**The task:**
What is needed is an exact copy of all the records.

**Data excerpts:**
BEGIN
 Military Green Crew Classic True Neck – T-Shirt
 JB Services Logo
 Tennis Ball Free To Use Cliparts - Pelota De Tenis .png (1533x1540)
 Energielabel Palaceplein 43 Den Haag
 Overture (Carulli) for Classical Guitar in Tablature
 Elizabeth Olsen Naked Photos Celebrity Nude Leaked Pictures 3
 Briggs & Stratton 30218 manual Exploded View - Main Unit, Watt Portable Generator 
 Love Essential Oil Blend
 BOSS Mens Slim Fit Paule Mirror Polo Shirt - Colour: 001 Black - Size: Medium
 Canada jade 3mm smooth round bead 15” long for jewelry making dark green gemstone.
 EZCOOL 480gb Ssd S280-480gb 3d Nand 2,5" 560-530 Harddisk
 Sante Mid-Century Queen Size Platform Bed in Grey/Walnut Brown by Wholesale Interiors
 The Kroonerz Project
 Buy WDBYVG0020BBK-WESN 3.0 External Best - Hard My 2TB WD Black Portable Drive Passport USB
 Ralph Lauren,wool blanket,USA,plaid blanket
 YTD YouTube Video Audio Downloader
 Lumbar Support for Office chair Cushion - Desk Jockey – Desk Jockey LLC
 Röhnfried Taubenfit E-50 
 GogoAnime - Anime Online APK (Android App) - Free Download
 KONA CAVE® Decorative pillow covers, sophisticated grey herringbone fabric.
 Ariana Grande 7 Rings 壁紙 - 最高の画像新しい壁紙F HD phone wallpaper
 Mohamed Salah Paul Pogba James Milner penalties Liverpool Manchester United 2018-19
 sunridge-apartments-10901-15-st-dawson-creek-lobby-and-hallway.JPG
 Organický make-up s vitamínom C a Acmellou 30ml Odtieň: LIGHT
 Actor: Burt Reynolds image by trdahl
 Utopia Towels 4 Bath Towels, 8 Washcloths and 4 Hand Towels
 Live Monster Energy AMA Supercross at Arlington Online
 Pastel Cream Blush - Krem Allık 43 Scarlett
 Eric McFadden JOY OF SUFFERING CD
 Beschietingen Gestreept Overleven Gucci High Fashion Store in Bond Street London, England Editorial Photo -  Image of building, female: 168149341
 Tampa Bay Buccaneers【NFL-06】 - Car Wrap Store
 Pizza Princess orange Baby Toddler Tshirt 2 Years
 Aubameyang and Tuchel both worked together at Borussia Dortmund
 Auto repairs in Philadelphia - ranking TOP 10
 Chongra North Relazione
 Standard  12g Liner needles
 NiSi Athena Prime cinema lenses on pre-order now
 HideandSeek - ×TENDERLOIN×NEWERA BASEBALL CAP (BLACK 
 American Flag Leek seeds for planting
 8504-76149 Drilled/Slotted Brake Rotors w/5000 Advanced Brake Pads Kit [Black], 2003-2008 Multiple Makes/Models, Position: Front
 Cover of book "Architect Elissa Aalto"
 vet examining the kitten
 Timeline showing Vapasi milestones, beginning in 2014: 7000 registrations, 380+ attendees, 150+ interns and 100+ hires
END
**Written answer:**
 Military Green Crew Classic True Neck – T-Shirt
 JB Services Logo
 Tennis Ball Free To Use Cliparts - Pelota De Tenis .png (1533x1540)
 Energielabel Palaceplein 43 Den Haag
 Overture (Carulli) for Classical Guitar in Tablature
 Elizabeth Olsen Naked Photos Celebrity Nude Leaked Pictures 3
 Briggs & Stratton 30218 manual Exploded View - Main Unit, Watt Portable Generator 
 Love Essential Oil Blend
 BOSS Mens Slim Fit Paule Mirror Polo Shirt - Colour: 001 Black - Size: Medium
 Canada jade 3mm smooth round bead 15” long for jewelry making dark green gemstone.
 EZCOOL 480gb Ssd S280-480gb 3d Nand 2,5" 560-530 Harddisk
 Sante Mid-Century Queen Size Platform Bed in Grey/Walnut Brown by Wholesale Interiors
 The Kroonerz Project
 Buy WDBYVG0020BBK-WESN 3.0 External Best - Hard My 2TB WD Black Portable Drive Passport USB
 Ralph Lauren,wool blanket,USA,plaid blanket
 YTD YouTube Video Audio Downloader
 Lumbar Support for Office chair Cushion - Desk Jockey – Desk Jockey LLC
 Röhnfried Taubenfit E-50 
 GogoAnime - Anime Online APK (Android App) - Free Download
 KONA CAVE® Decorative pillow covers, sophisticated grey herringbone fabric.
 Ariana Grande 7 Rings 壁紙 - 最高の画像新しい壁紙F HD phone wallpaper
 Mohamed Salah Paul Pogba James Milner penalties Liverpool Manchester United 2018-19
 sunridge-apartments-10901-15-st-dawson-creek-lobby-and-hallway.JPG
 Organický make-up s vitamínom C a Acmellou 30ml Odtieň: LIGHT
 Actor: Burt Reynolds image by trdahl
 Utopia Towels 4 Bath Towels, 8 Washcloths and 4 Hand Towels
 Live Monster Energy AMA Supercross at Arlington Online
 Pastel Cream Blush - Krem Allık 43 Scarlett
 Eric McFadden JOY OF SUFFERING CD
 Beschietingen Gestreept Overleven Gucci High Fashion Store in Bond Street London, England Editorial Photo -  Image of building, female: 168149341
 Tampa Bay Buccaneers【NFL-06】 - Car Wrap Store
 Pizza Princess orange Baby Toddler Tshirt 2 Years
 Aubameyang and Tuchel both worked together at Borussia Dortmund
 Auto repairs in Philadelphia - ranking TOP 10
 Chongra North Relazione
 Standard  12g Liner needles
 NiSi Athena Prime cinema lenses on pre-order now
 HideandSeek - ×TENDERLOIN×NEWERA BASEBALL CAP (BLACK 
 American Flag Leek seeds for planting
 8504-76149 Drilled/Slotted Brake Rotors w/5000 Advanced Brake Pads Kit [Black], 2003-2008 Multiple Makes/Models, Position: Front
 Cover of book "Architect Elissa Aalto"
 vet examining the kitten
 Timeline showing Vapasi milestones, beginning in 2014: 7000 registrations, 380+ attendees, 150+ interns and 100+ hires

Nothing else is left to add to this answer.